====== The data

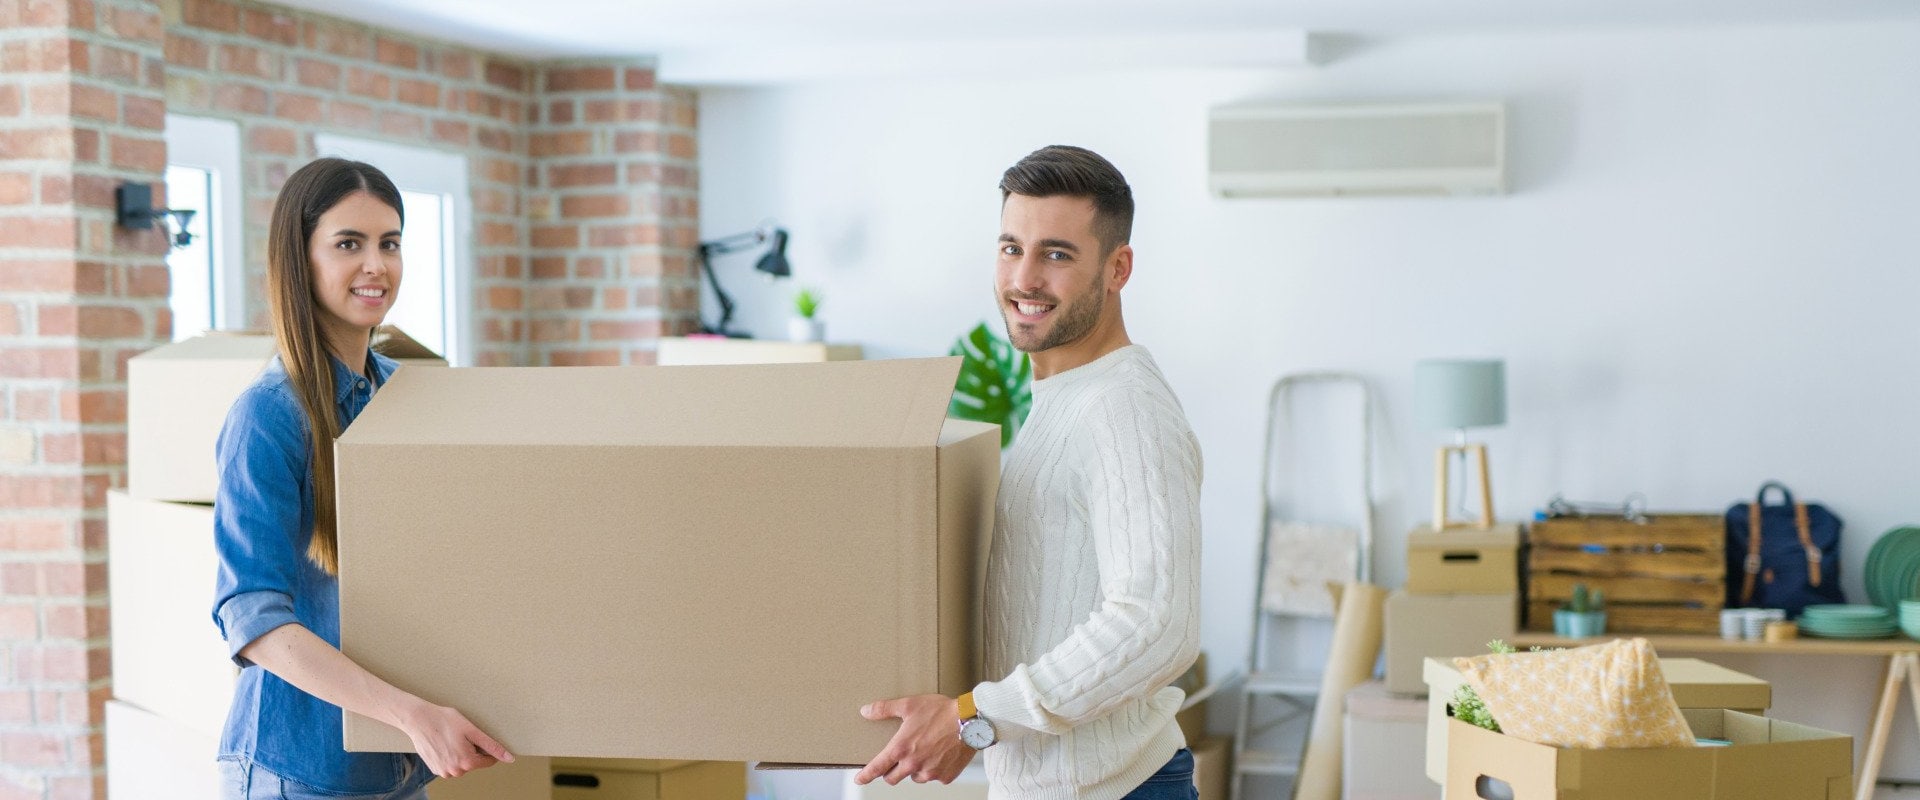 Streamlining Relocations with Packing and Crating Services from Three Movers
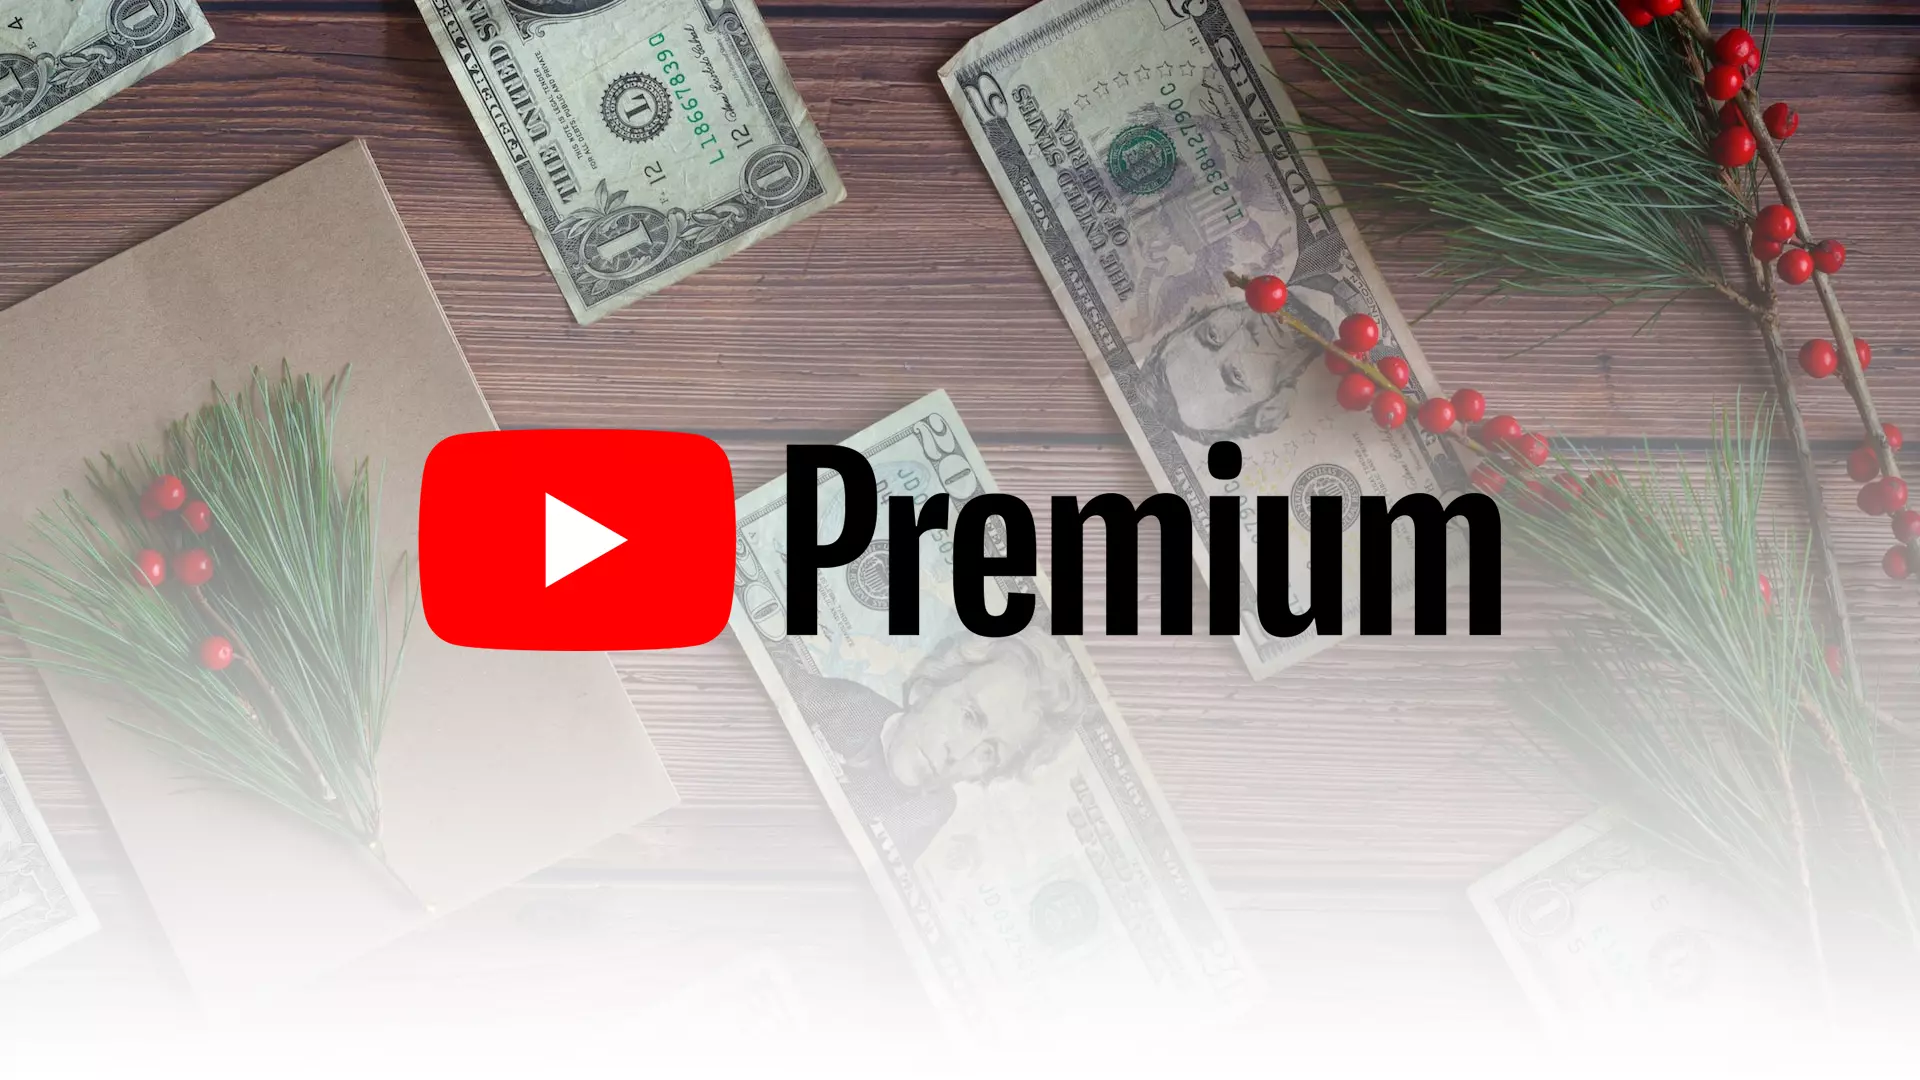 YouTube Premium family plan went up by $5
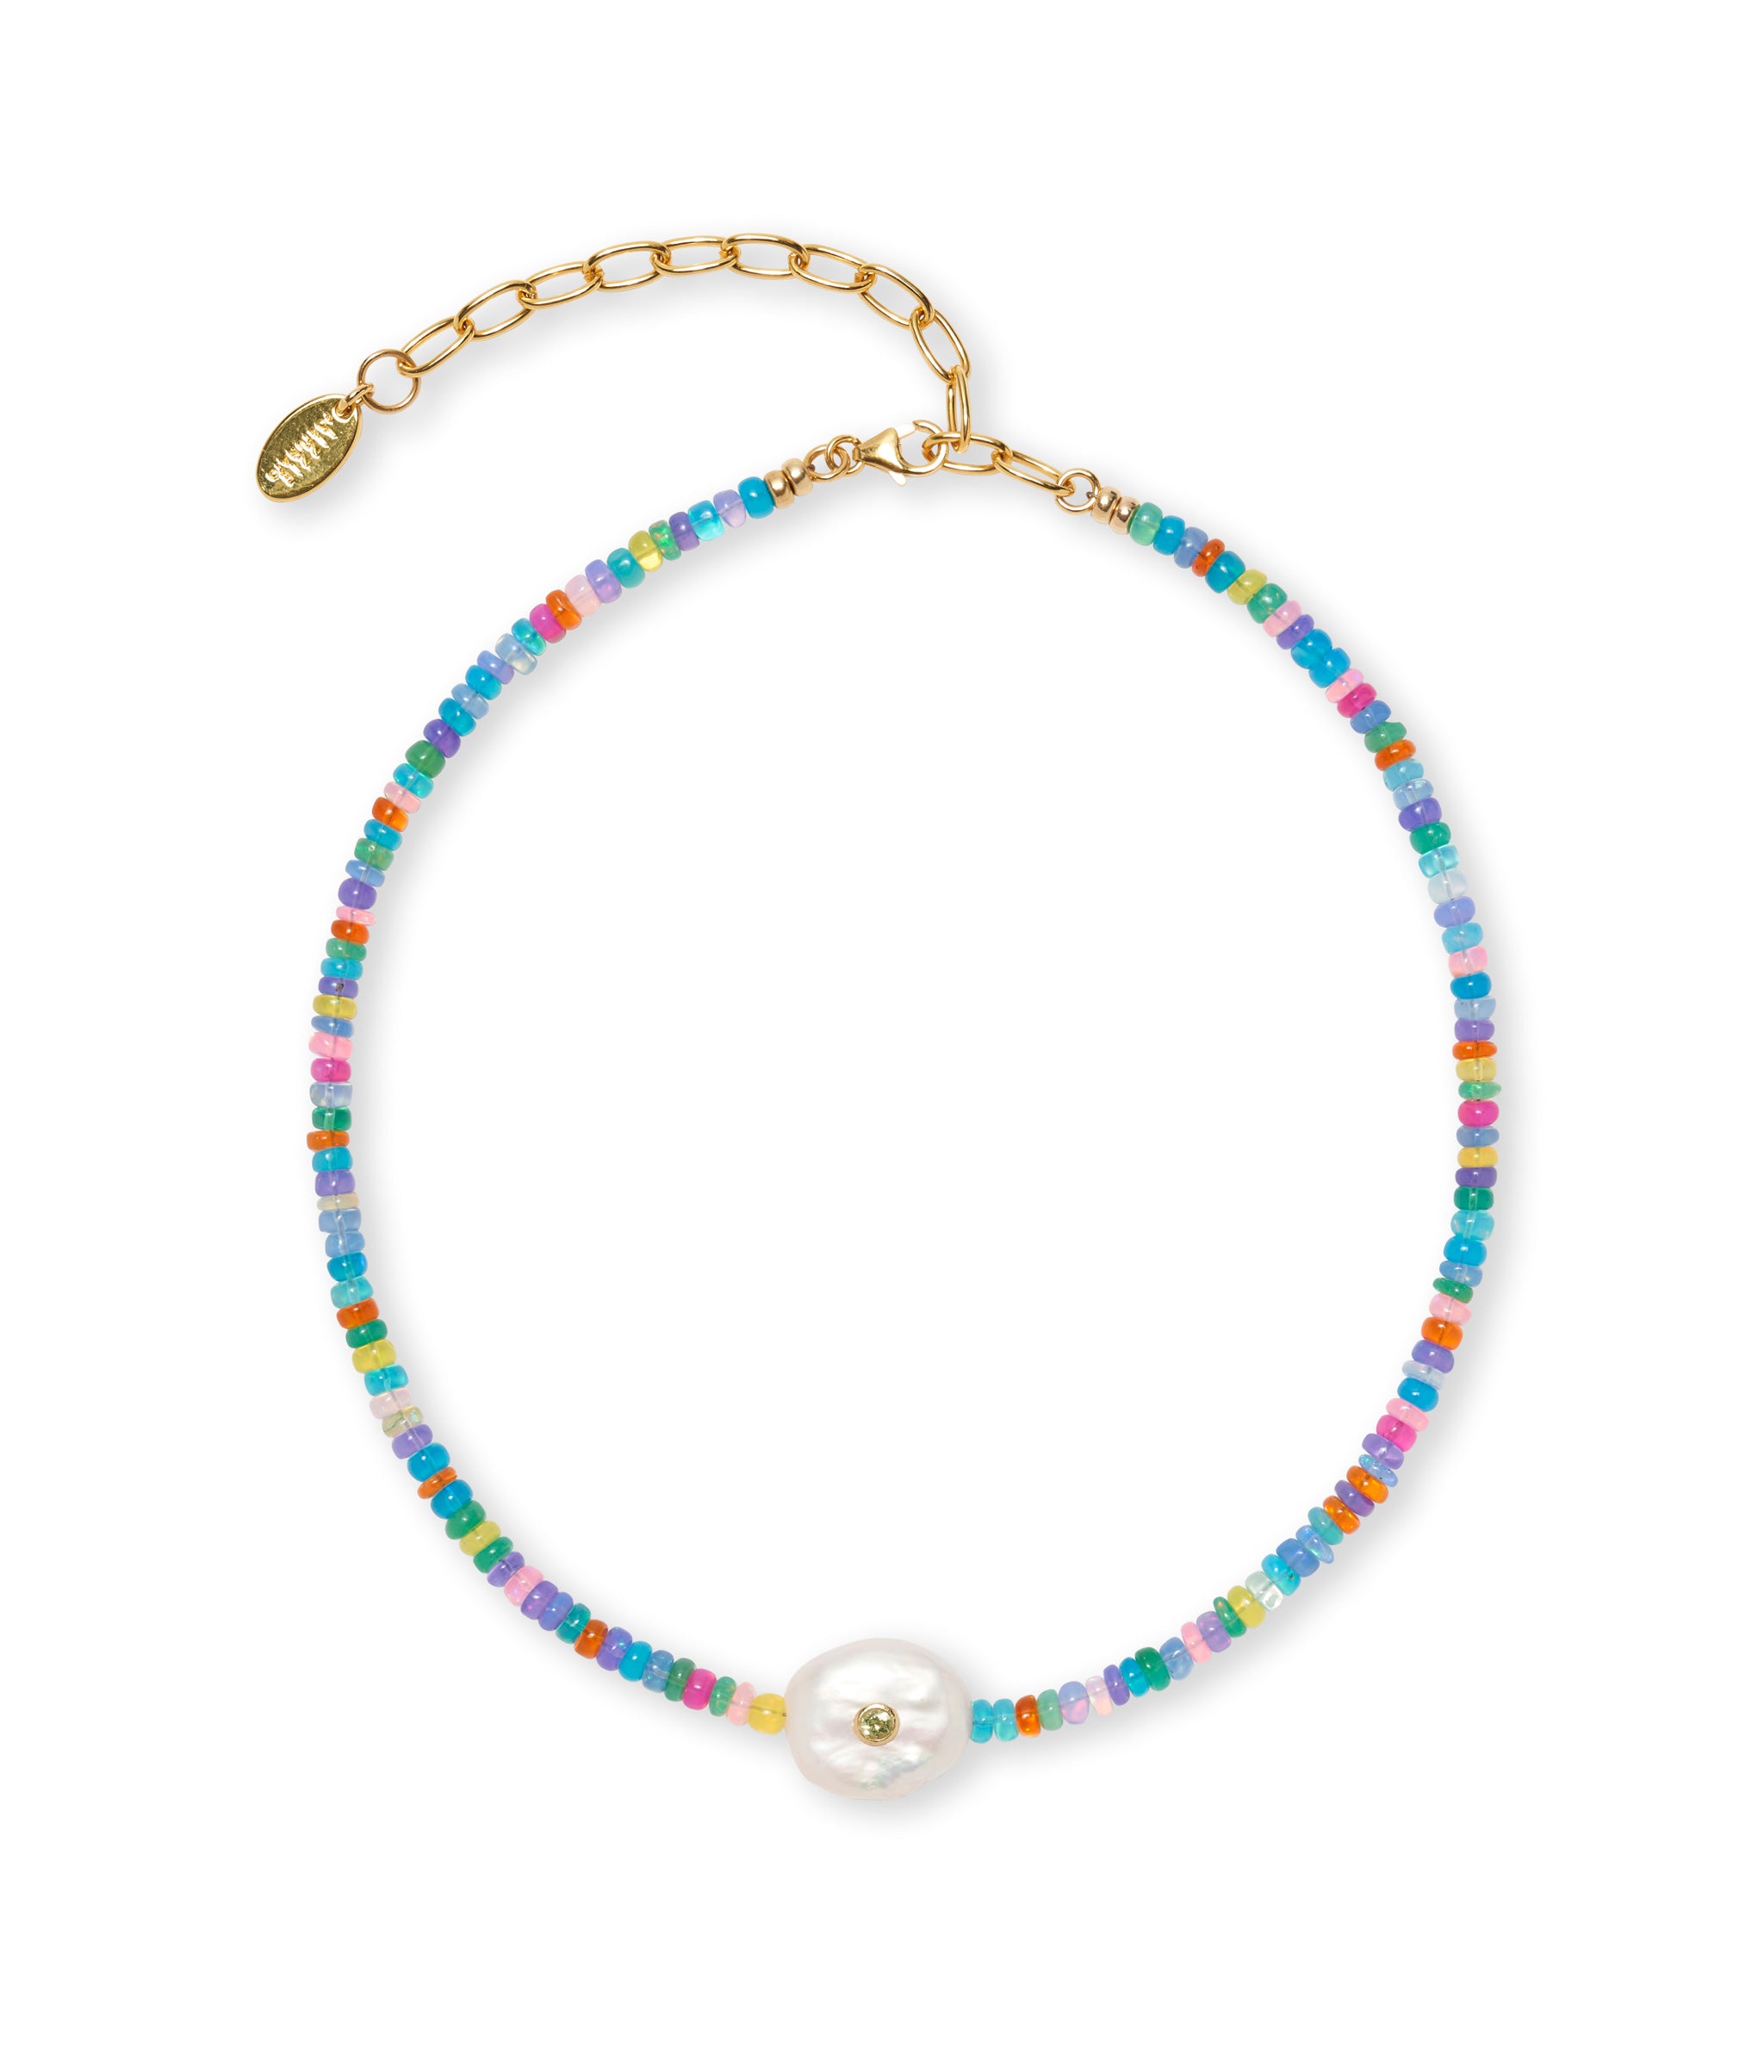 Destination Necklace in Rainbow Opal. Features gold-plated brass, Ethiopian opals, freshwater pearl and peridot.

============

_What to work on_
Please restate the whole listing exactly, without any of its pictures.

_Expected output_
 Streamlining Relocations with Packing and Crating Services from Three Movers
 YouTube Premium family plan went up by $5
 Destination Necklace in Rainbow Opal. Features gold-plated brass, Ethiopian opals, freshwater pearl and peridot.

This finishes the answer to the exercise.